**RECORDS SUPPLIED**

++++++++

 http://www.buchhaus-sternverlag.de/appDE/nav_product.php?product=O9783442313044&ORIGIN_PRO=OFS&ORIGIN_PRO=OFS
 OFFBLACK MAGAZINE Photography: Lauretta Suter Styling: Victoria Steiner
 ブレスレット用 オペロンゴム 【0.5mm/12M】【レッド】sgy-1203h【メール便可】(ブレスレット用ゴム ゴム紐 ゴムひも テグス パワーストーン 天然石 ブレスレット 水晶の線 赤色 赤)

++++++++

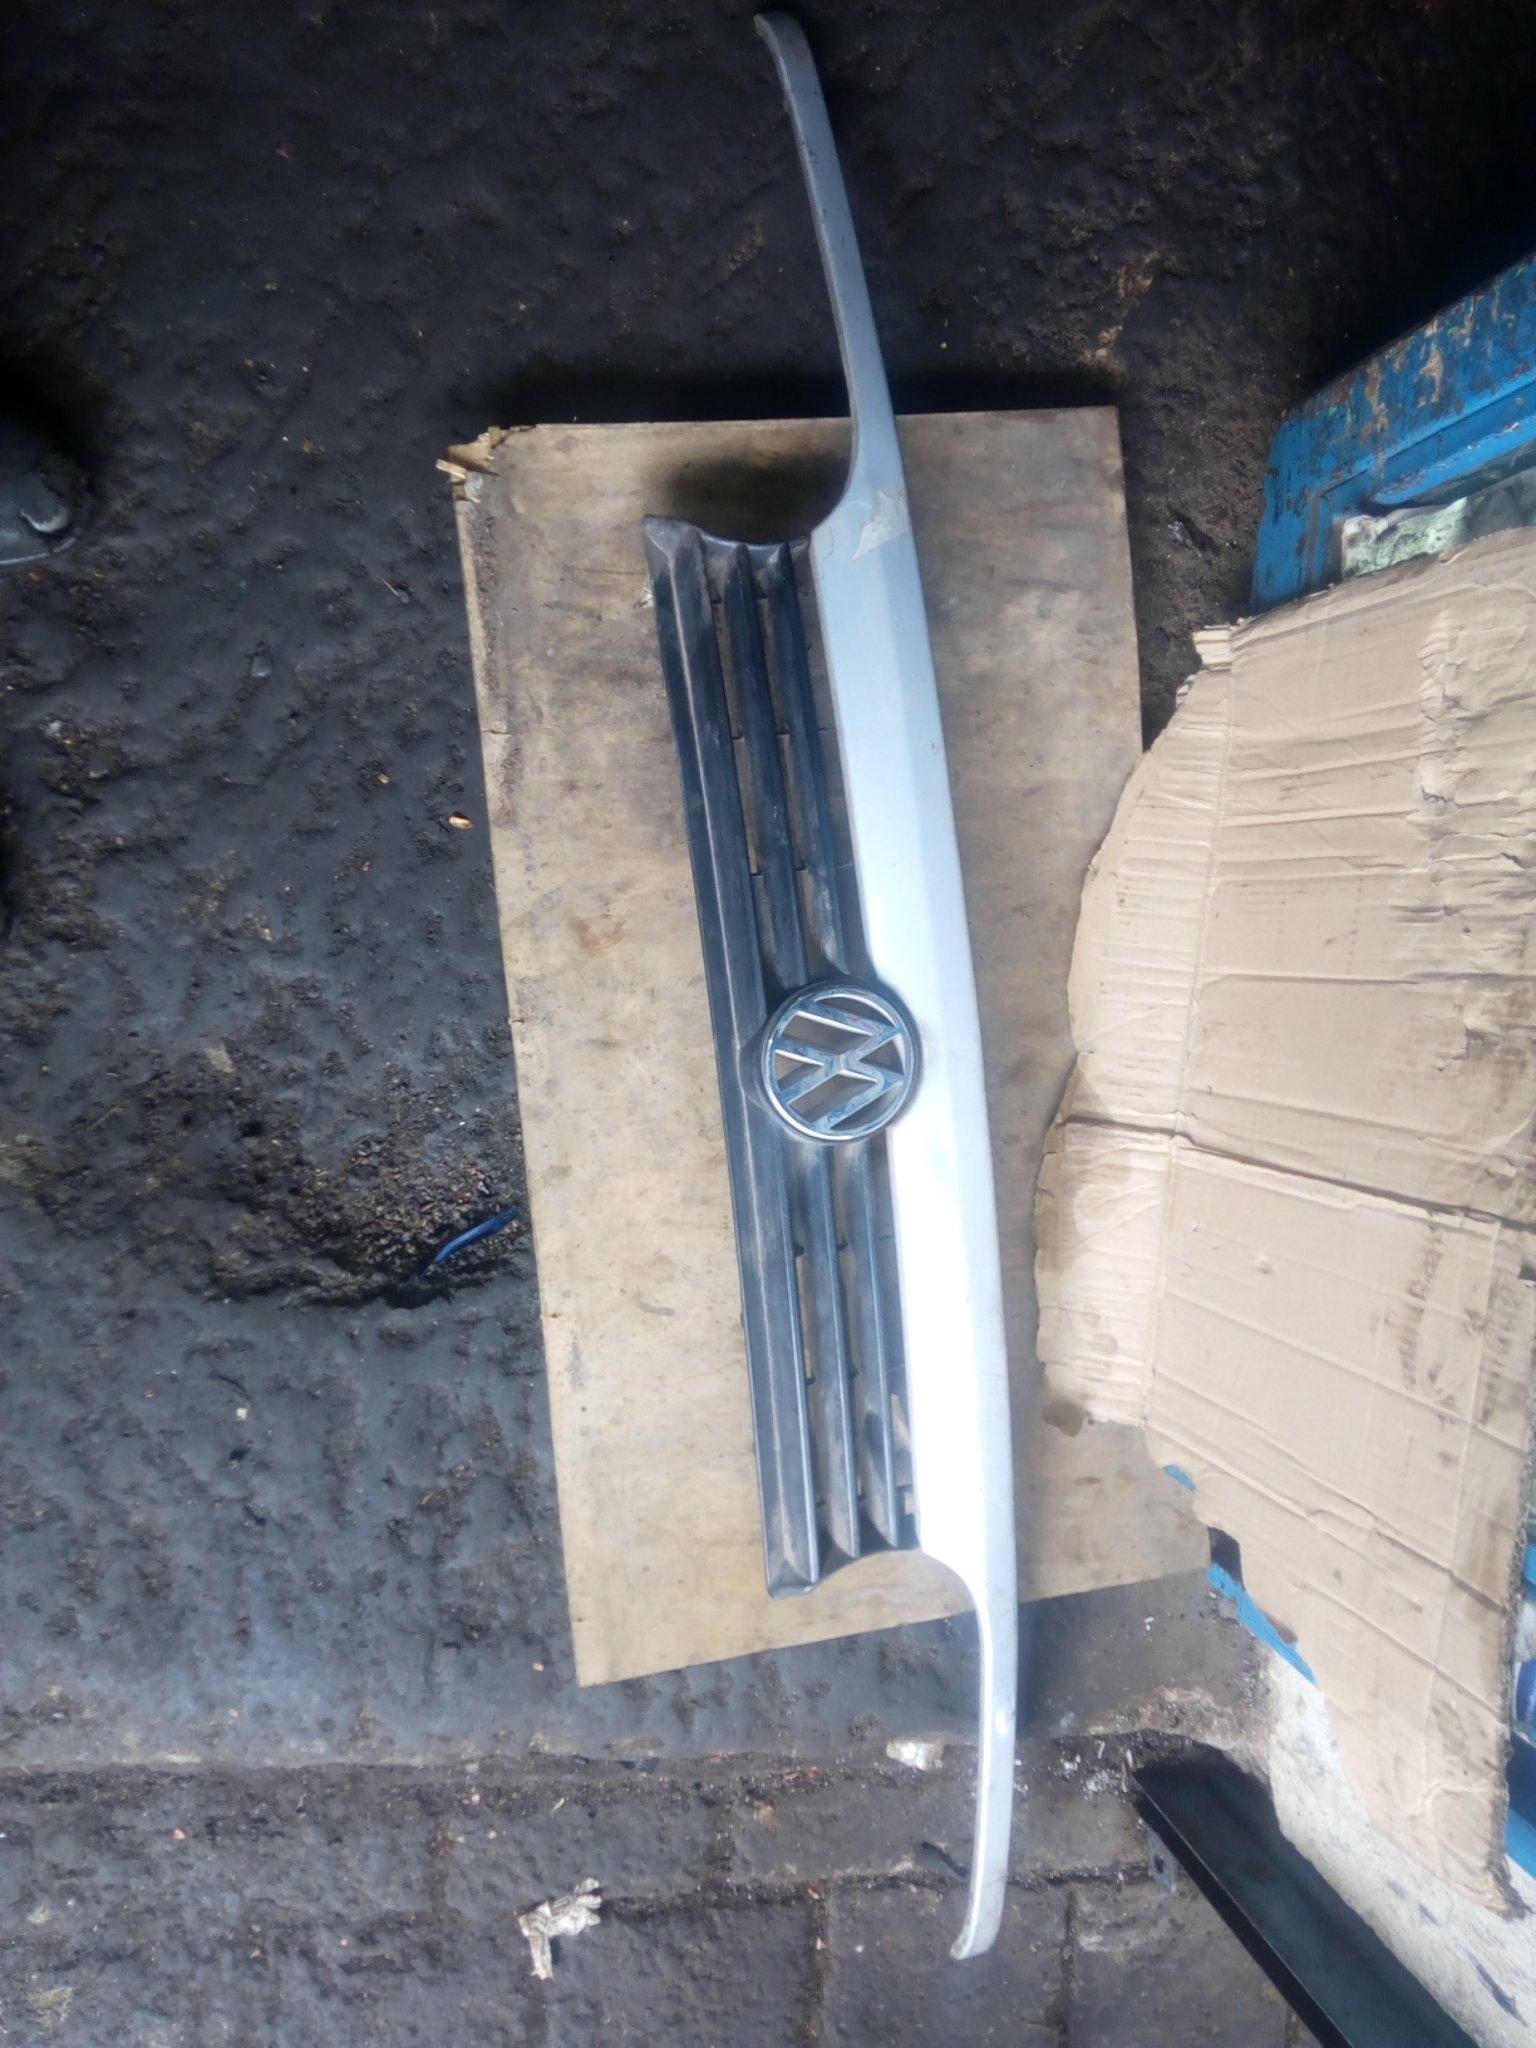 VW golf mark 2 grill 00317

++++++++

**INSTRUCTIONS FOR THE TASK**
Where the listing above reaches the line that contains "OFFBLACK MAGAZINE Photography: Lauretta", start retyping, and finish with the line that contains "ブレスレット用 オペロンゴム 【0.5mm/12M】【レッド】sgy-1203h【メール便可】(ブレスレット用ゴム"; reproduce those lines exactly and no others.

**EXERCISE ANSWER**
 OFFBLACK MAGAZINE Photography: Lauretta Suter Styling: Victoria Steiner
 ブレスレット用 オペロンゴム 【0.5mm/12M】【レッド】sgy-1203h【メール便可】(ブレスレット用ゴム ゴム紐 ゴムひも テグス パワーストーン 天然石 ブレスレット 水晶の線 赤色 赤)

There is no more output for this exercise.